## Scatter Plot: Projection of Activations on t_G and t_P
### Overview
The image displays two side-by-side scatter plots under the main title "Projection of activations on t_G and t_P". The plots visualize the relationship between two projection values, `a_ij^T t_G` (x-axis) and `a_ij^T t_P` (y-axis), for two different conditions: "Affirmative Statements" (left plot) and "Negated Statements" (right plot). Data points are colored based on a binary label: "False" (red) or "True" (blue).
### Components/Axes
* **Main Title:** "Projection of activations on t_G and t_P" (centered at the top).
* **Subplot Titles:**
* Left Plot: "Affirmative Statements" (centered above the left chart).
* Right Plot: "Negated Statements" (centered above the right chart).
* **Axes Labels (Identical for both plots):**
* X-axis: `a_ij^T t_G` (centered below the x-axis).
* Y-axis: `a_ij^T t_P` (rotated 90 degrees, centered to the left of the y-axis).
* **Axes Scales (Approximate):**
* X-axis Range (both plots): -0.8 to 0.6.
* Y-axis Range (both plots): -1.0 to 0.4.
* **Legend:** Located in the bottom-right corner of the *right* subplot ("Negated Statements").
* Red circle: "False"
* Blue circle: "True"
### Detailed Analysis
**Left Plot: Affirmative Statements**
* **Trend Verification:** Both data series show a clear positive correlation. The cloud of points slopes upward from the bottom-left to the top-right.
* **Data Distribution:**
* **"False" (Red):** Points are densely clustered in the lower-left quadrant. Approximate centroid: x ≈ -0.3, y ≈ -0.4. The cluster extends roughly from x = -0.7 to 0.1 and y = -0.8 to 0.0.
* **"True" (Blue):** Points are densely clustered in the upper-right quadrant. Approximate centroid: x ≈ 0.4, y ≈ 0.3. The cluster extends roughly from x = 0.0 to 0.6 and y = 0.0 to 0.5.
* **Relationship:** There is a clear separation between the two clusters along the diagonal. "True" statements have significantly higher values for both `a_ij^T t_G` and `a_ij^T t_P` projections compared to "False" statements.
**Right Plot: Negated Statements**
* **Trend Verification:** The two data series show an inverse relationship. The "False" cluster is in the upper-left, and the "True" cluster is in the lower-right.
* **Data Distribution:**
* **"False" (Red):** Points are clustered in the upper-left quadrant. Approximate centroid: x ≈ -0.4, y ≈ 0.1. The cluster extends roughly from x = -0.8 to 0.0 and y = -0.2 to 0.4.
* **"True" (Blue):** Points are clustered in the lower-right quadrant. Approximate centroid: x ≈ 0.2, y ≈ -0.4. The cluster extends roughly from x = -0.2 to 0.5 and y = -1.0 to 0.0.
* **Relationship:** There is a clear separation between the two clusters. "True" statements have higher `a_ij^T t_G` values but lower `a_ij^T t_P` values compared to "False" statements.
### Key Observations
1. **Distinct Cluster Separation:** In both plots, the "True" and "False" data points form distinct, non-overlapping clusters, indicating the projections are highly discriminative for the given task.
2. **Opposite Patterns:** The spatial relationship between "True" and "False" clusters is inverted between the two conditions. Affirmative statements show a positive correlation for both classes, while negated statements show a negative correlation between the classes.
3. **Axis Range Utilization:** The "Affirmative Statements" plot uses the positive x-axis range more heavily, while the "Negated Statements" plot uses the negative y-axis range more heavily for its "True" cluster.
### Interpretation
This visualization demonstrates how a model's internal activations (projected onto two directions, `t_G` and `t_P`) encode truth value differently depending on linguistic context (affirmation vs. negation).
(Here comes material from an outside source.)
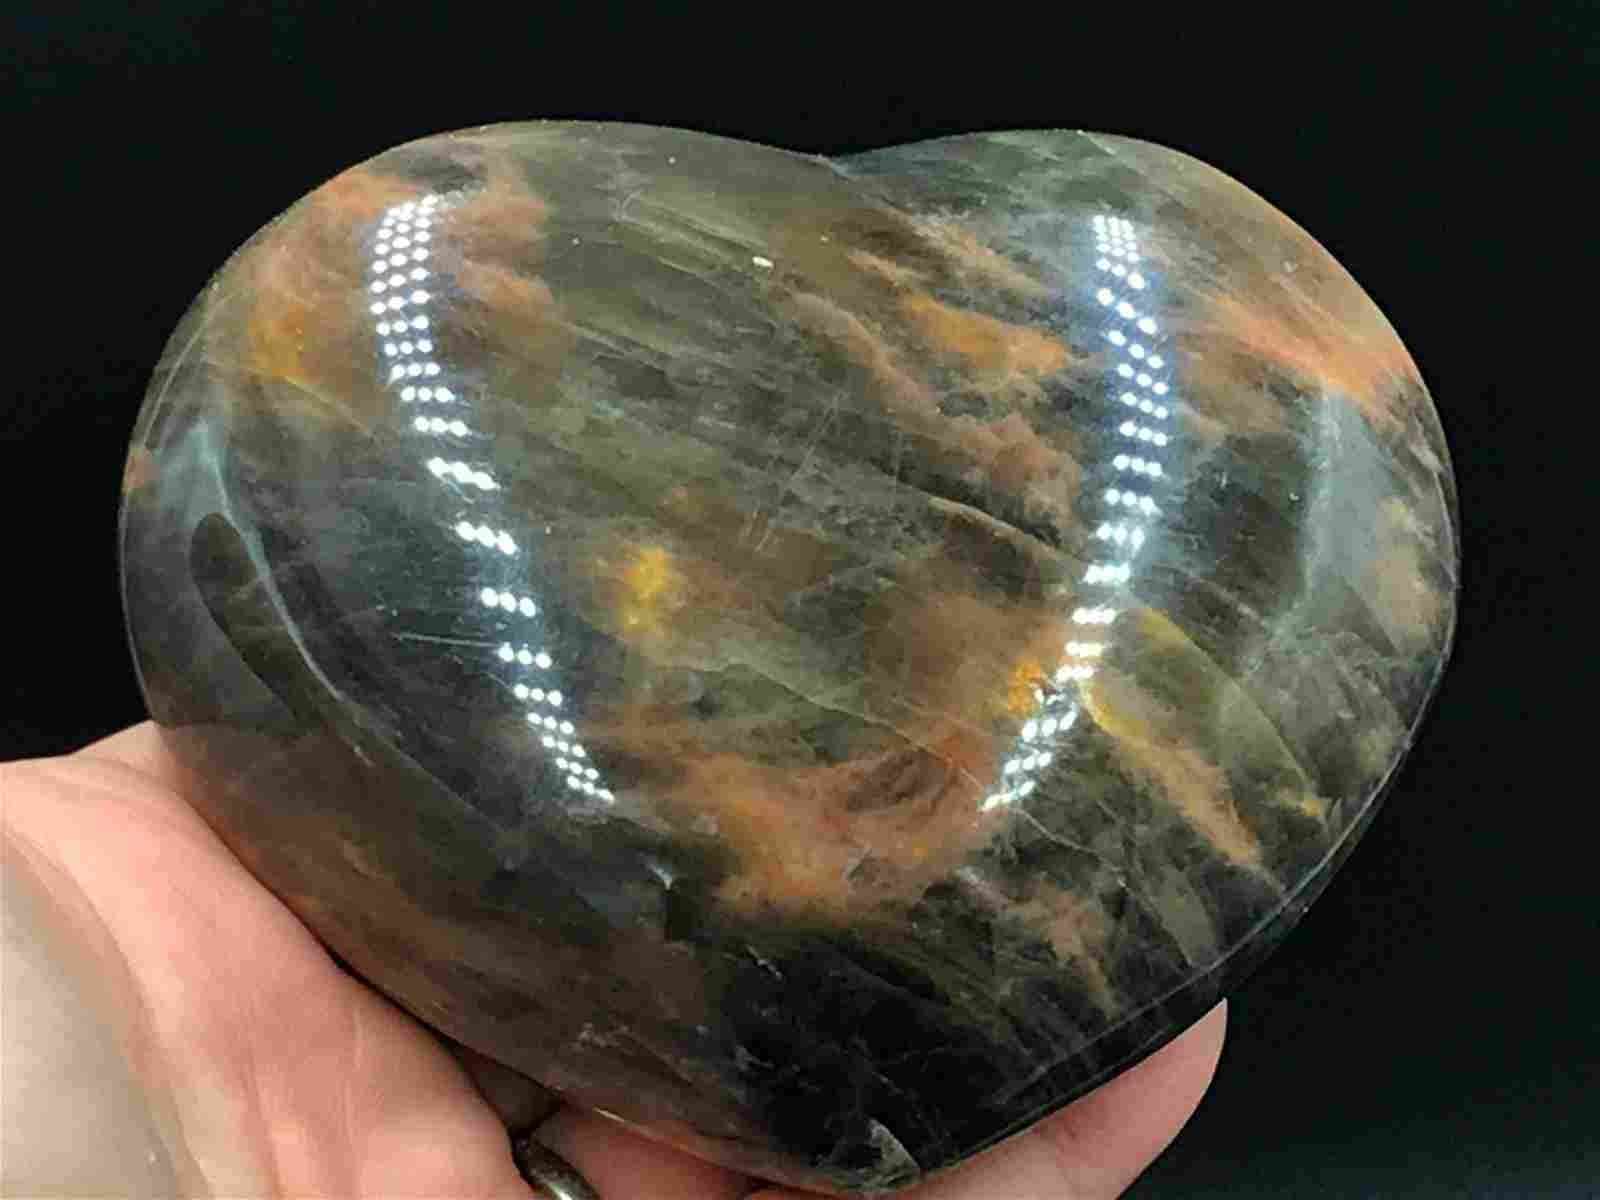 Rock, Crystal, Natural, Collectible, Carving, Heart
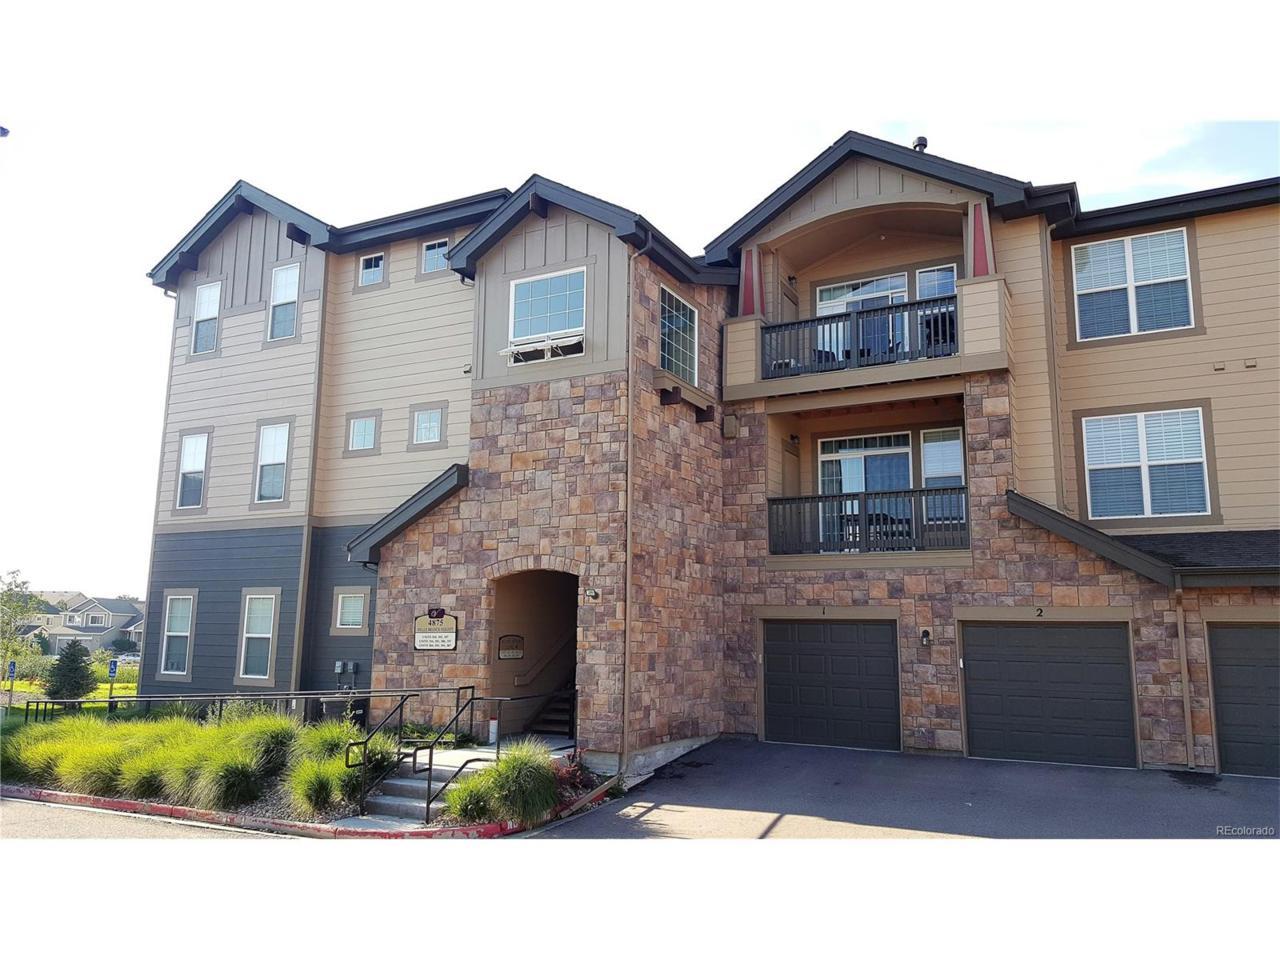 4875 Wells Branch Heights #204, Colorado Springs, CO 80923 (MLS #6810283) :: 8z Real Estate

* **For Affirmative Statements:** The model's representation of a "True" statement involves high activation along both the `t_G` and `t_P` directions. A "False" statement involves low activation along both. This suggests `t_G` and `t_P` may be correlated features for affirming truth in simple statements.
* **For Negated Statements:** The pattern flips. A "True" negated statement (e.g., "It is not raining") is characterized by high `t_G` but low `t_P` activation. A "False" negated statement shows the opposite. This indicates that the `t_P` direction may be sensitive to the *presence* of a concept, while `t_G` is sensitive to its *factual validity*, and negation decouples these two signals.
* **Underlying Mechanism:** The plots provide visual evidence that the model uses a compositional representation where truth (`t_G`) and a secondary property (`t_P`, possibly related to grammatical polarity or surface-level assertion) are processed by distinct but interacting neural pathways. The clear separation suggests these projections are effective probes for understanding the model's reasoning about truth and negation.